Protein purification

The full-length UBR7 complementary DNA (cDNA) sequence, UBR domain alone, or PHD finger alone was cloned in a pDEST15 vector (GATEWAY cloning system, Invitrogen) and sequence verified. The protein used in in vitro assays were purified as described previously45. Briefly transformed cells were grown till 0.8 optical density (OD) and induced with 1 mM isopropyl β-d-1-thiogalactopyranoside (Sigma) at 20 °C for 16 h. The pellets were resuspended in lysis buffer and lysed mildly followed by glutathione sepharose beads binding and washing with wash buffer. The proteins were eluted and purified further to homogeneity via gel filtration chromatography using a Superdex75 column (GE Healthcare). CM derivative (H163S/H166S) were generated using a QuikChange site-directed mutagenesis kit (Stratagene) as per the standard protocol46.

Nucleosome isolation

Nucleosomes were prepared freshly from HeLa cells as described previously45. Briefly, the nuclear pellet from HeLa cells was digested with MNase (0.2 Units/µl; Sigma) and extracted with TE buffer for 1 h. The mononucleosome was separated via sucrose gradient (5–40%) ultracentrifugation using Sorvall WXUltra100 (Thermo Fischer Scientific) with AH650 rotor for 16 h at 207,203 × g. For further analysis, these fractions were pooled and concentrated.
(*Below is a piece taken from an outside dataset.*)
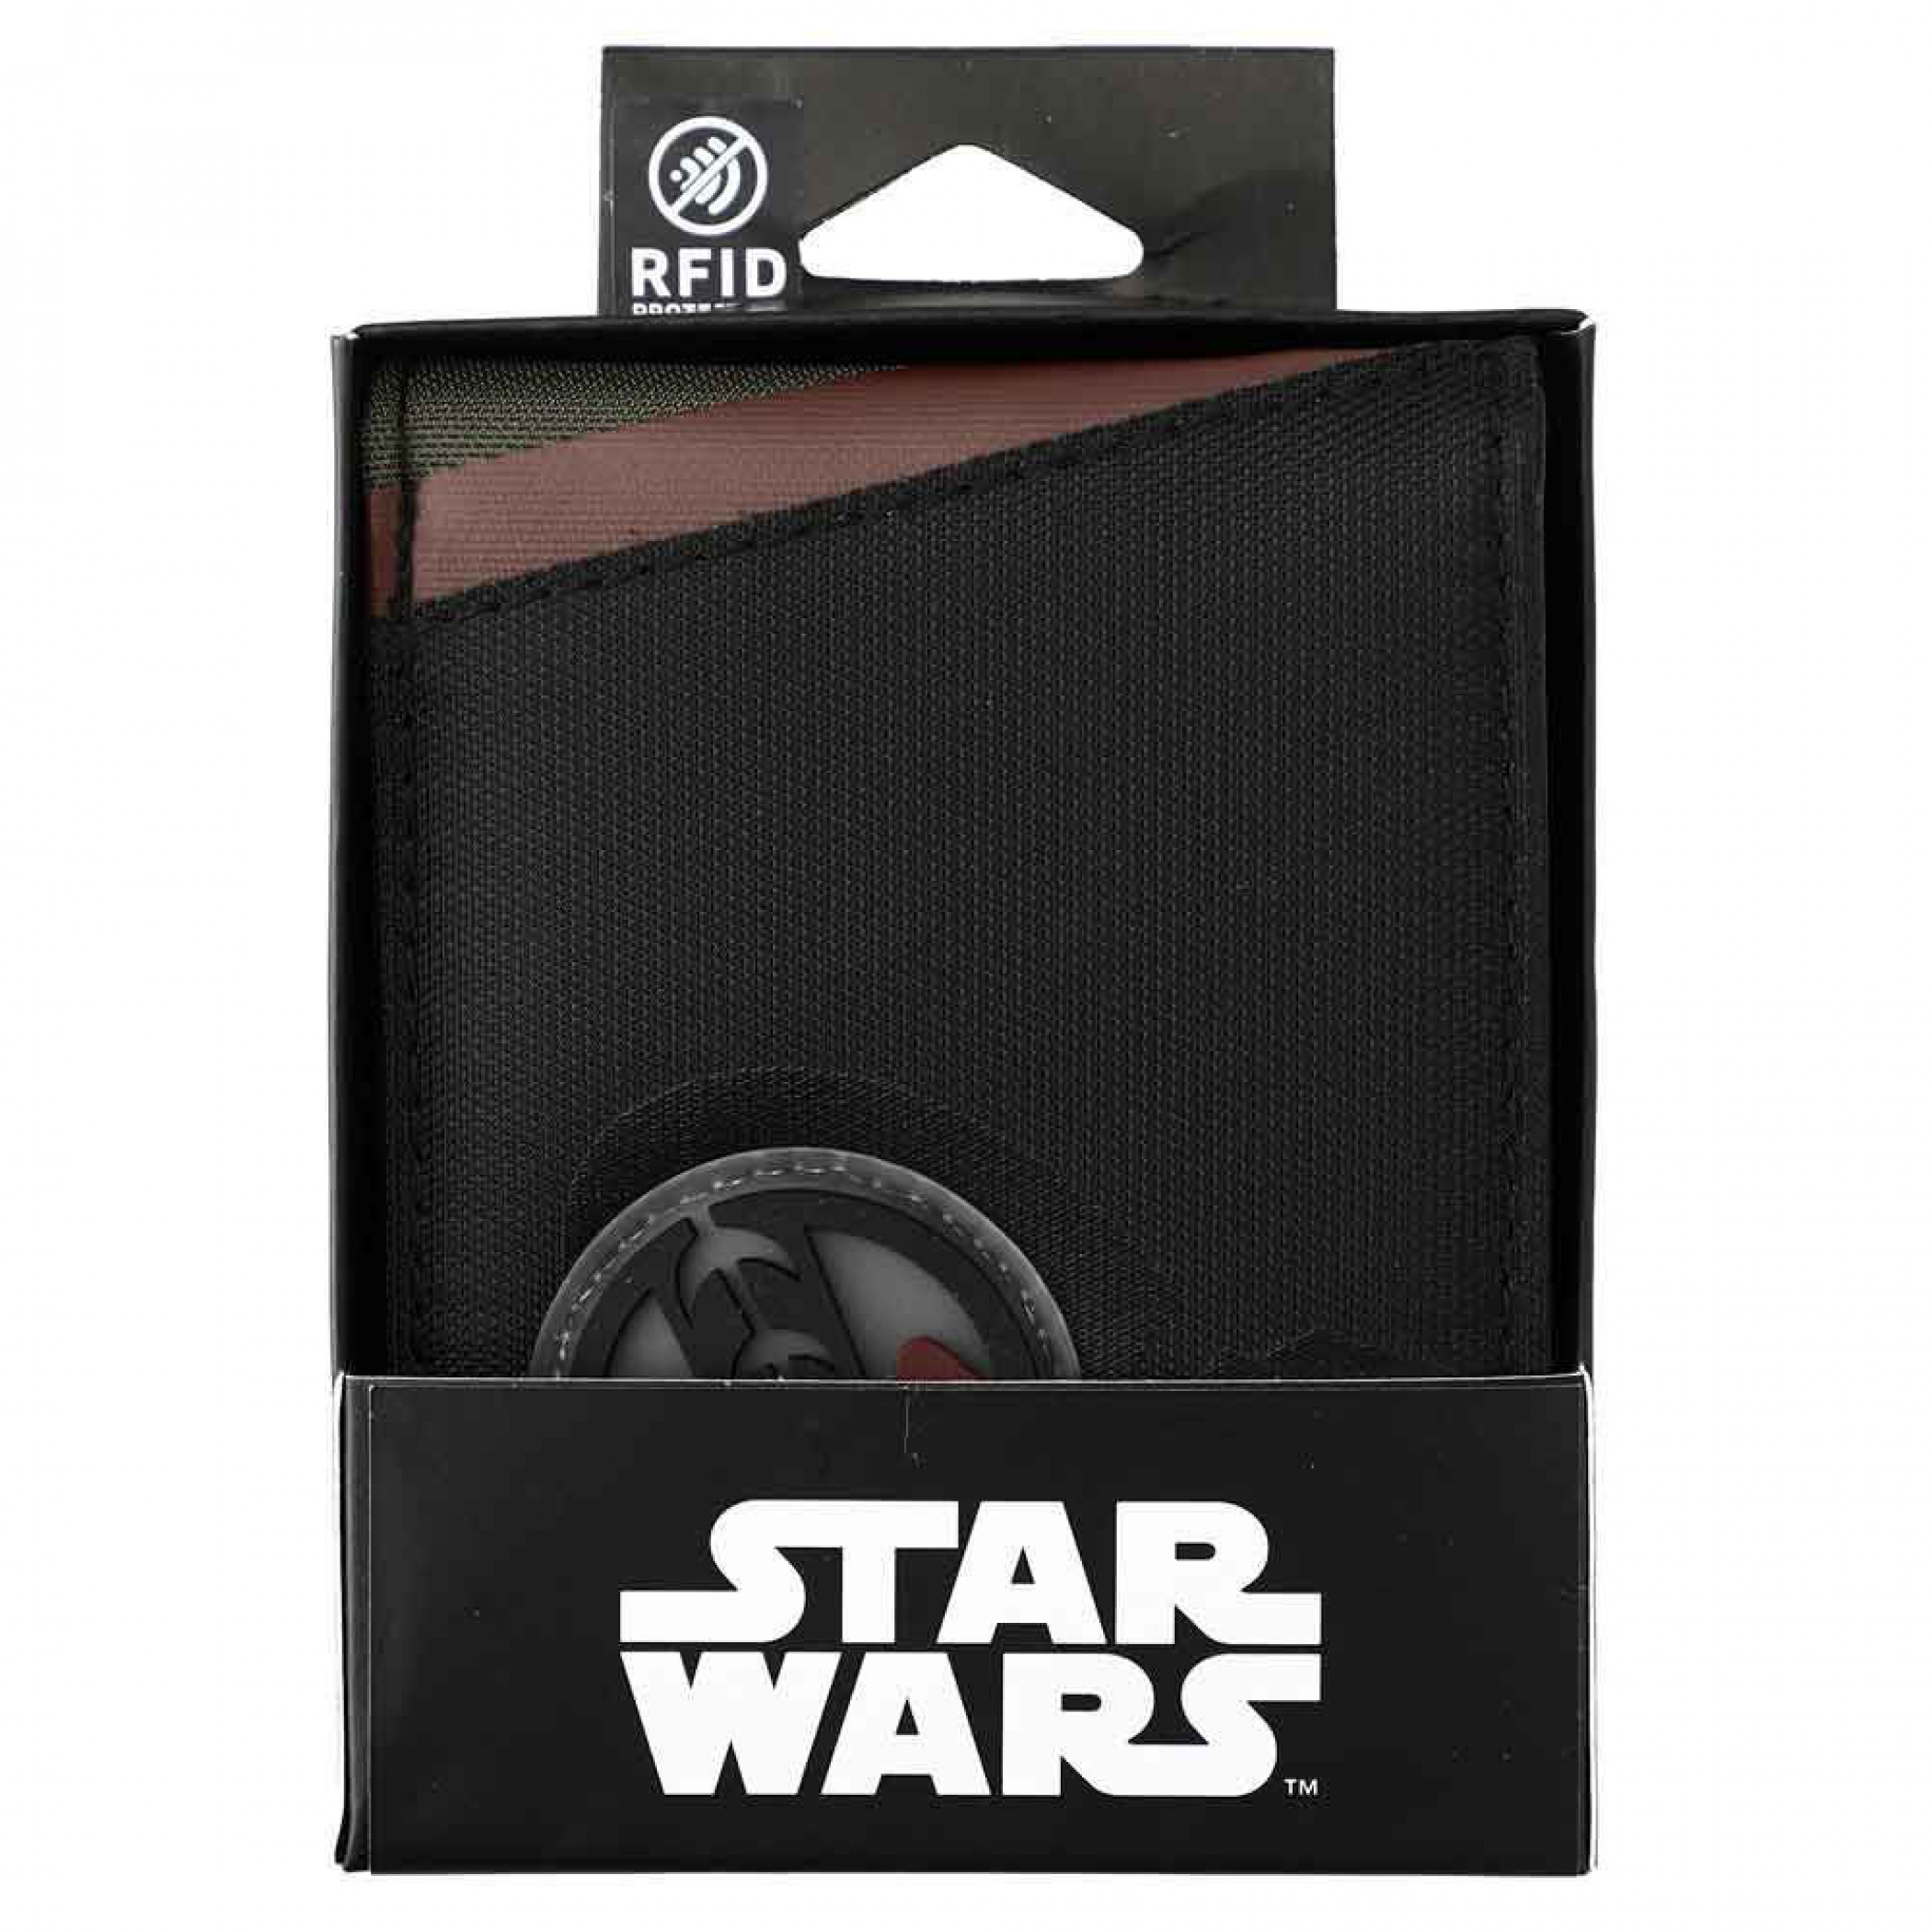 Star Wars Boba Fett Patch Bi-fold Wallet

In vitro ubiquitination assay

In vitro ubiquitination reactions were set up with purified UBR7-PHD, UBR7-WT, or UBR7-CM (H163S/H166S) as E3 enzymes and recombinant H2B, H2A/H2B dimer, core histones octamer, or purified nucleosome as a substrate using Ubiquitinylation kit (Cat #: BML-UW9920, Enzo Life Sciences) as per the manufacturer’s protocol. Briefly, the reaction was carried out in ubiquitinylation buffer containing 100 U/ml inorganic pyrophosphatase, 1 mM dithiothreitol (DTT), and 5 mM EDTA (negative control). 2.5 µM of ubiquitin (biotinylated) was incubated with 100 nM E1, 2.5 μM E2 (for UBR7, UbcH6 acts as the E2), 5 mM Mg-ATP, and 100 nM E3 along with 1 μM substrate at 37 °C for 1 h. The reaction was stopped, and trichloroacetic acid precipitation was performed and analyzed via western blotting with antibodies against H2BK120Ub, H2B, H2A, H3, and H4 antibodies.

Peptide pull-down assay

A peptide pull-down assay was performed as described previously45. Briefly, equivalent amounts of peptides and protein were incubated in immunoprecipitation (IP) buffer (50 mM Tris, pH 7.5, 150 mM NaCl, 0.05% NP-40, 1 mM DTT). The complex was pulled down with streptavidin beads, washed with the IP buffer, and eluted and analyzed using western blotting.

GST pull-down assay

GST and GST-fusion proteins were incubated with the recombinant histones H3, H4, H2A, and H2B at equimolar ratios in a IP buffer overnight as described previously45. The complex was pulled down with glutathione sepharose bead (GE Healthcare), washed with IP buffer, and analyzed using western blotting with specific antibodies. Ten percent of the histone proteins (H3, H4, H2A, and H2B) were used as inputs.

Co-immunoprecipitation

Cells were subjected to co-immunoprecipitation as delineated previously45. In brief, cells were lysed in lysis buffer (20 mM Tris pH 8.0, 150 mM NaCl, 1% NP-40, 0.5% sodium deoxycholate, 0.1% sodium dodecyl sulfate (SDS), 1 mM EDTA) and pulled down with specific antibodies or FLAG M2 beads, followed by washes with the lysis buffer. The immunoprecipitant was analyzed using western blotting. Ten percent of the lysate with which IP was set was used as the input.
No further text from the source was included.